The evacuation to Bataan, which one observer said “looked like a small Dunkirk”, has been described by historians as a minor miracle, strategically important in delaying the Japanese advance throughout the western Pacific by several months. “MacArthur’s forces executed the . . . movement with masterly skill . . . By this decision and movement, MacArthur averted immediate defeat [and] delayed the Japanese timetable by four months.
On Christmas Eve [1942] the American headquarters in Manila was evacuated. General MacArthur and his family, Filipino President Manuel Quezon, and the U.S. high commissioner to the Philippines, Francis B Sayre, and their staffs retreated to Corregidor. [1]
[However] “The defense of the philippines . . . gave an enormous lift to American mora and will to win. The ‘battling bastards of Bataan,’ ‘the Rock,’ MacArthur’s dramatic escape, the heroic doctors and nurses of Corregidor – all became part of American folklore.” [2]

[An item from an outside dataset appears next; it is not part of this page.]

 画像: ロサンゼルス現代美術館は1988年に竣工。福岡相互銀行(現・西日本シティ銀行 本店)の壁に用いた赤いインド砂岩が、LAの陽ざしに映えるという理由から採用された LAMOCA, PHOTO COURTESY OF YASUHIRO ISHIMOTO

The Battling Bastards of Bataan
We’re the battling bastards of Bataan;
No mama, no papa, no Uncle Sam’
No aunts, no uncles, no nephews, no nieces;
No pills, no planes, no artillery pieces;
And nobody gives a damn.Written by Frank Hewlett, a war correspondent with United Press International who spent a lot of time at the front with the men in their foxholes. The poem traveled faster than news, faster even than scuttlebutt, it reached farther than food, and it spread like a contagion. The troops made up verses of their own, but there was one verse that everyone recited, as the truth . . . [3]

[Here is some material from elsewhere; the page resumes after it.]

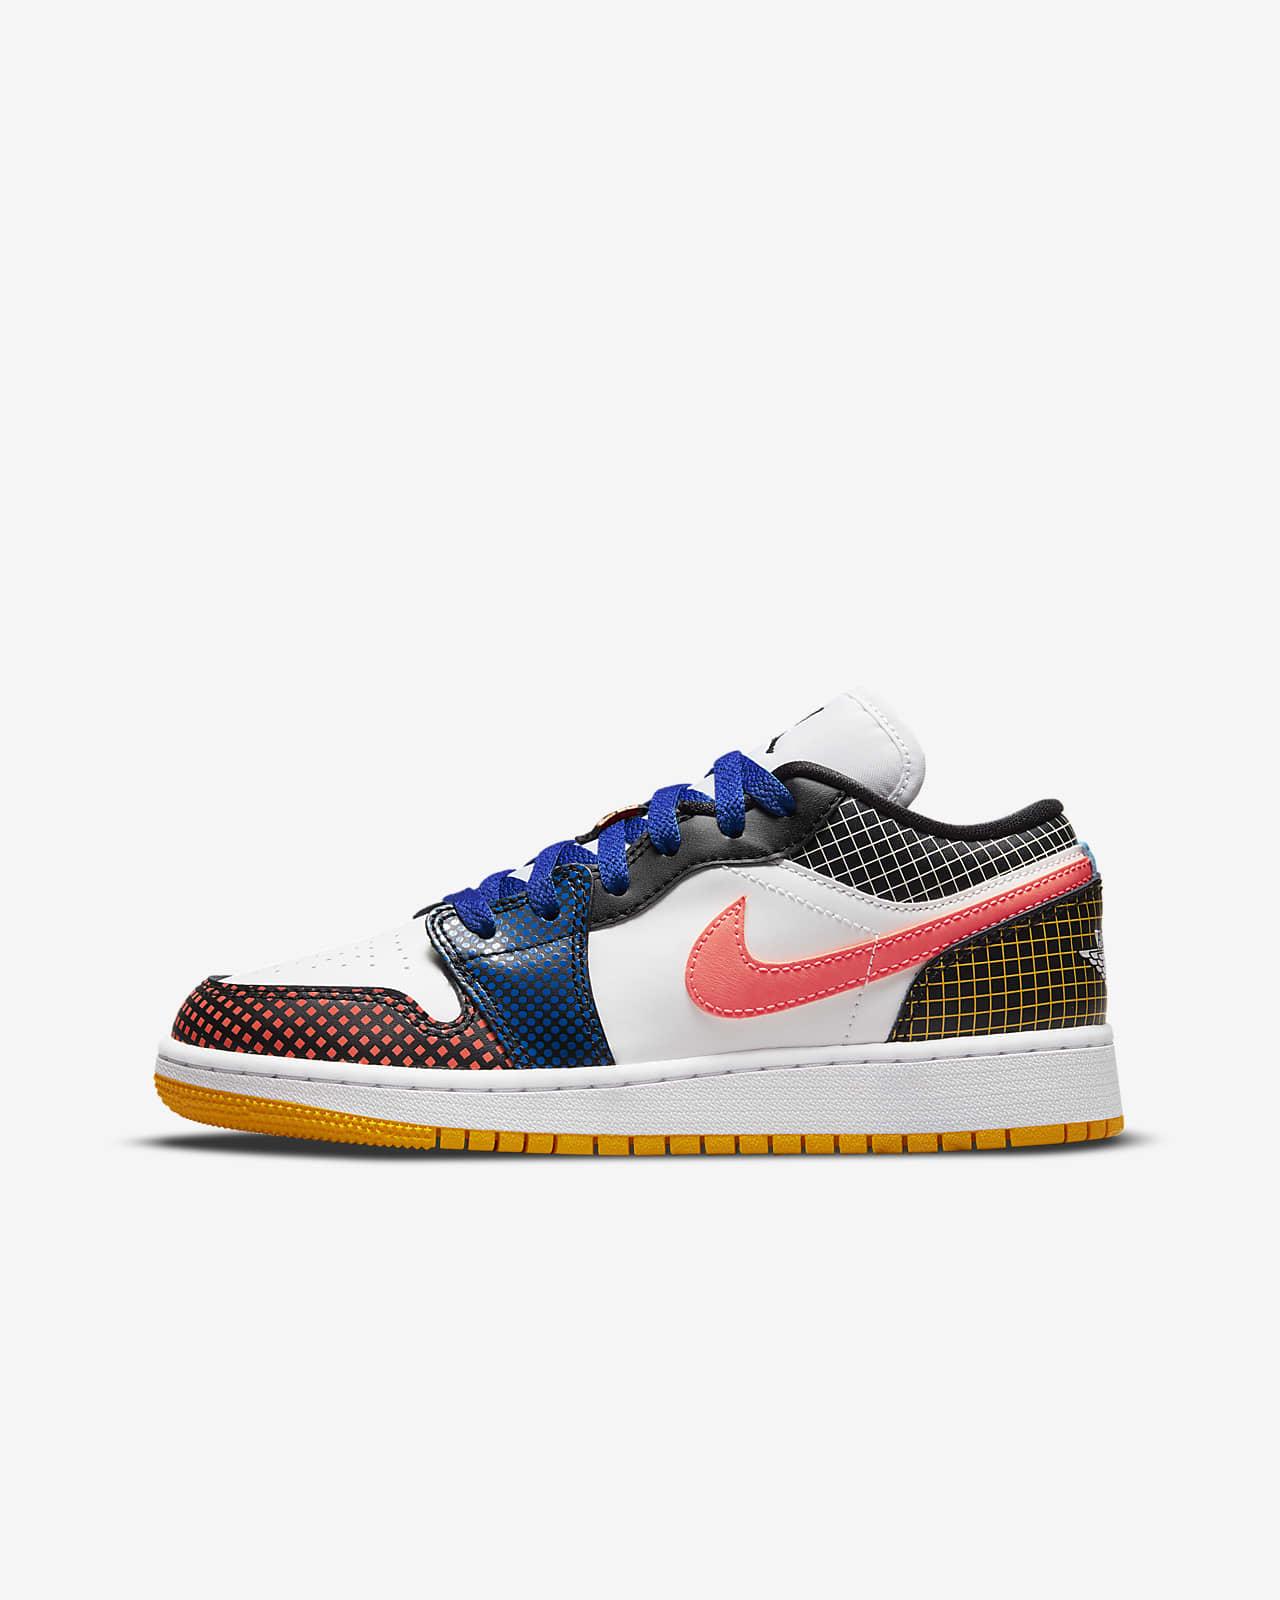 Air Jordan 1 Low MMD Older Kids' Shoe

The seige of Bataan began in early January 1942 and ended 0n April 9, 1942, when the U.S. forces under Major General Edward P. King, Jr. surrendered. At the Beginning of January the American Troops numbered approximately 15,000; they were fighting alongside approximately 65,000 Filipinos. By the surrender the total force was between 76,000 and 78,000, of which 11,500 to 12,000 were Americans. [4]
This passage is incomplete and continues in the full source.